# [SOURCE INFORMATION]
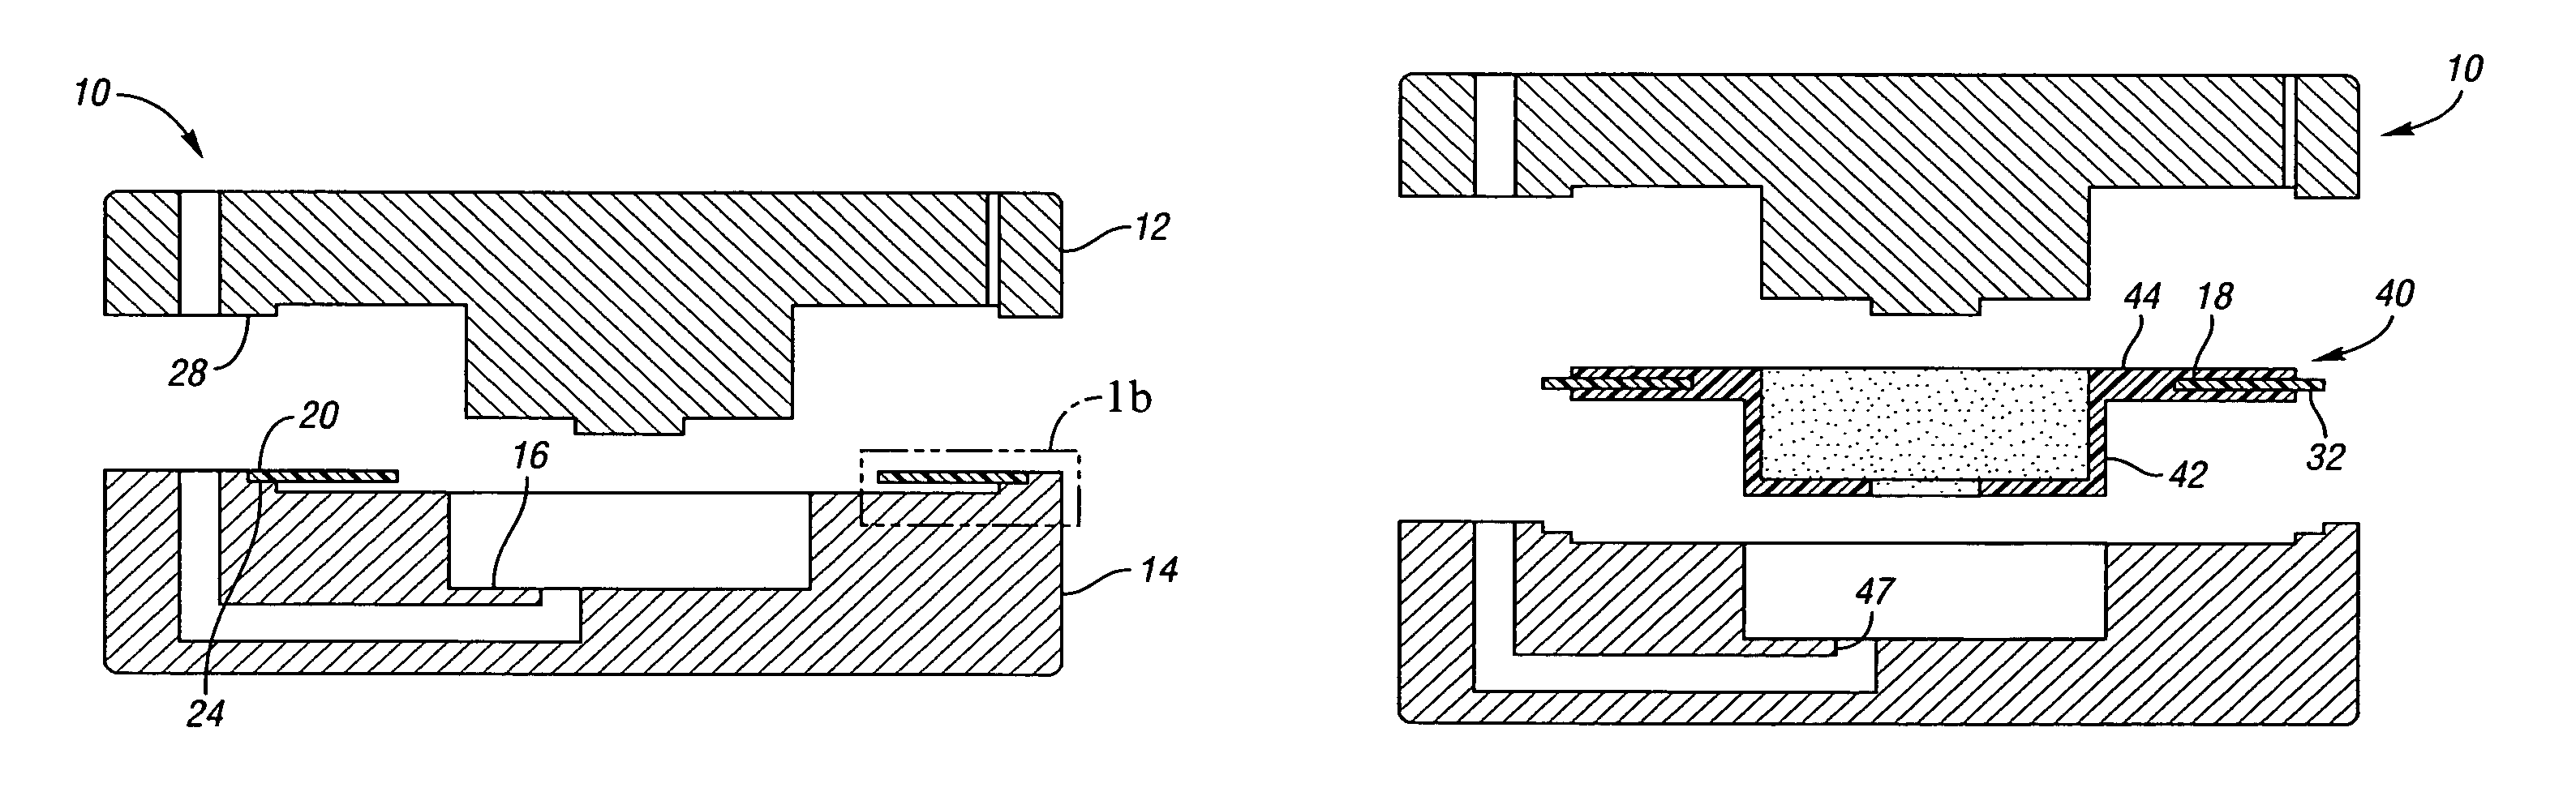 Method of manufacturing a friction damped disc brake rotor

--

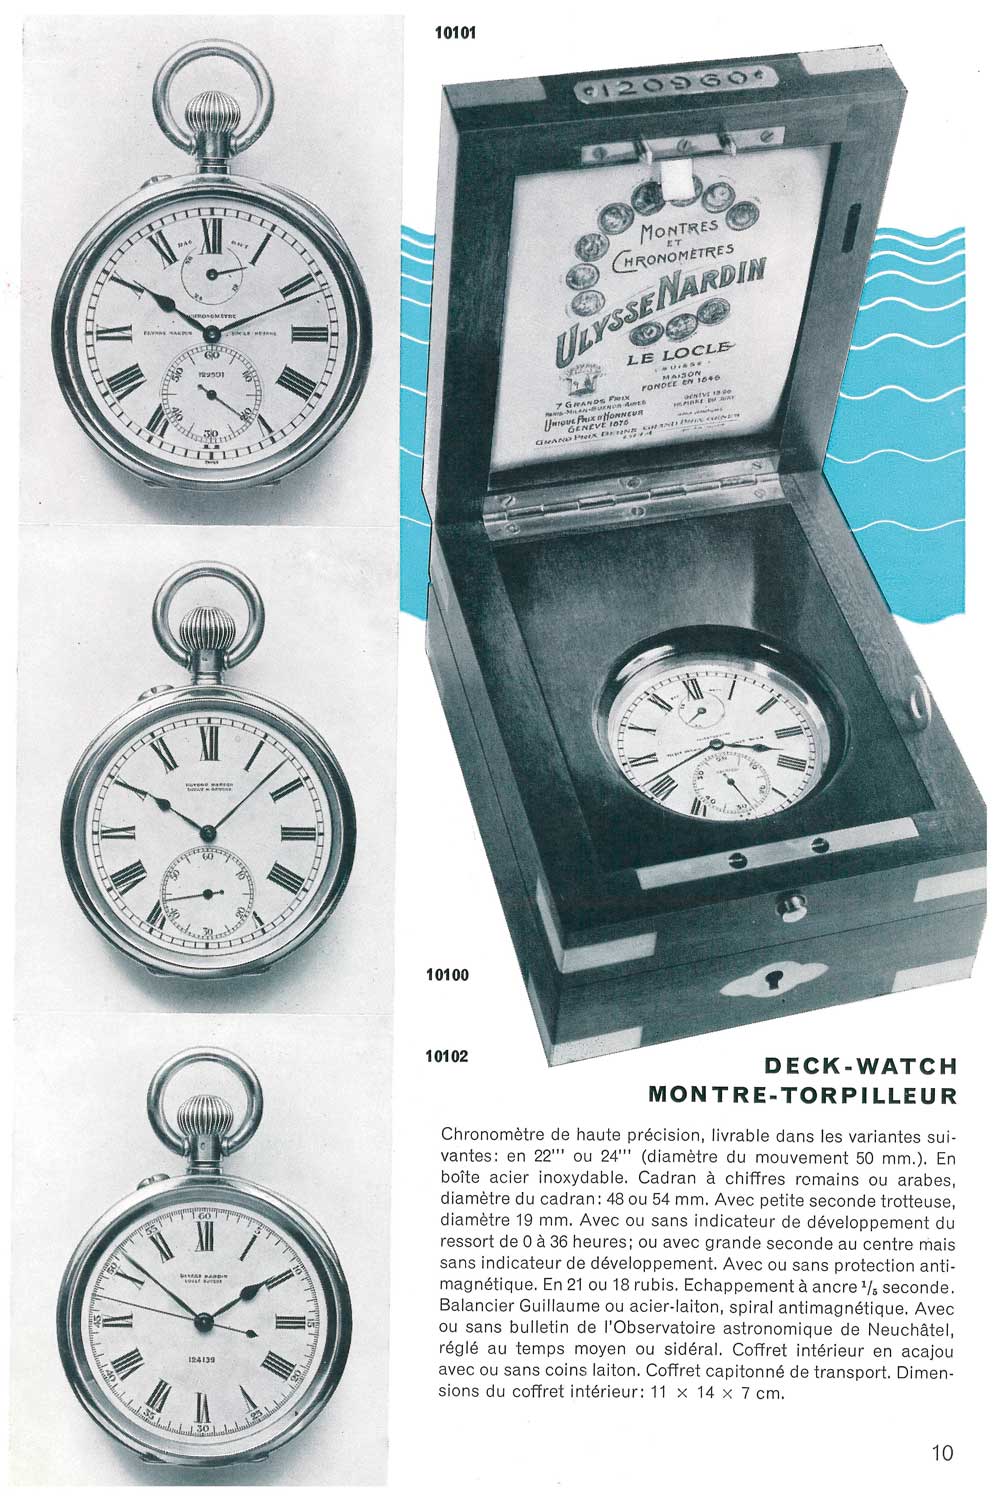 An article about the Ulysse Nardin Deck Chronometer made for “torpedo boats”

--

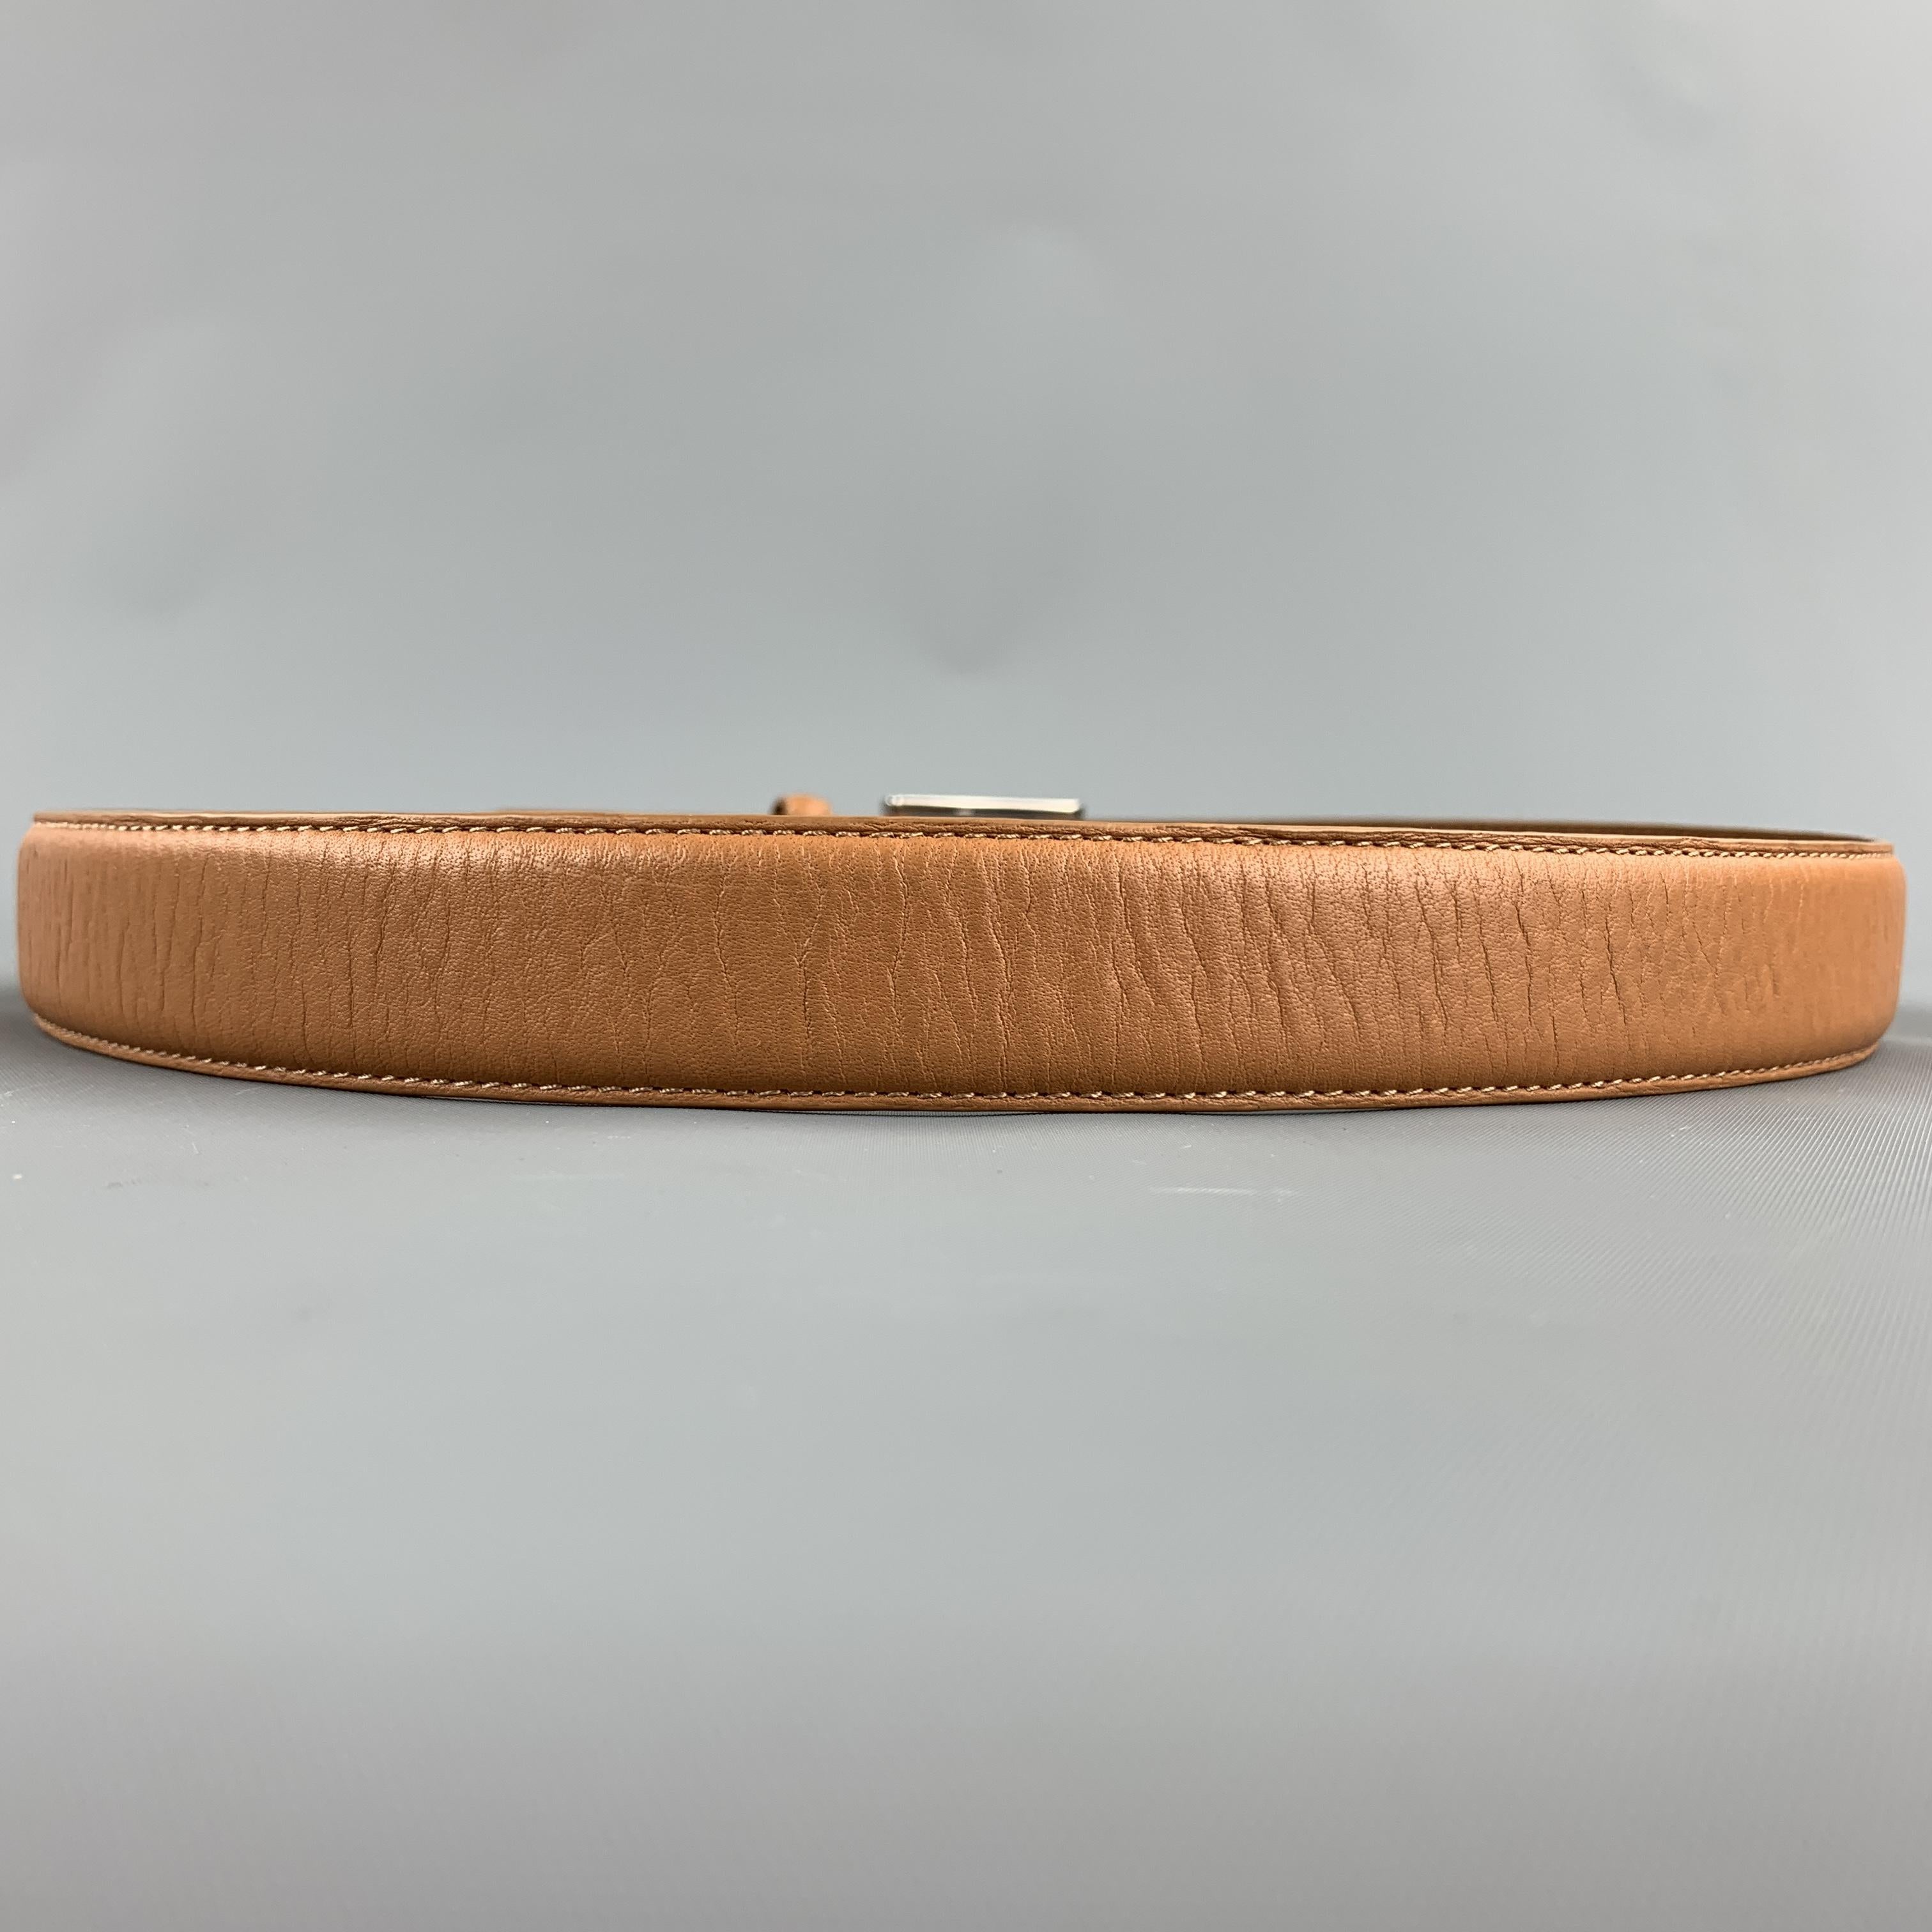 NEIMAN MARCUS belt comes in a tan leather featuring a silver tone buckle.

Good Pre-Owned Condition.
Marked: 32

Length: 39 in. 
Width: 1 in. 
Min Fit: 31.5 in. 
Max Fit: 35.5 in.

# [EXERCISE]
In the entries above, find the line with "Length: 39 in." and the line with "Max Fit: 35.5 in.", then restate word for word both of them and every line between, with nothing more.

# [ANSWER]
Length: 39 in. 
Width: 1 in. 
Min Fit: 31.5 in. 
Max Fit: 35.5 in.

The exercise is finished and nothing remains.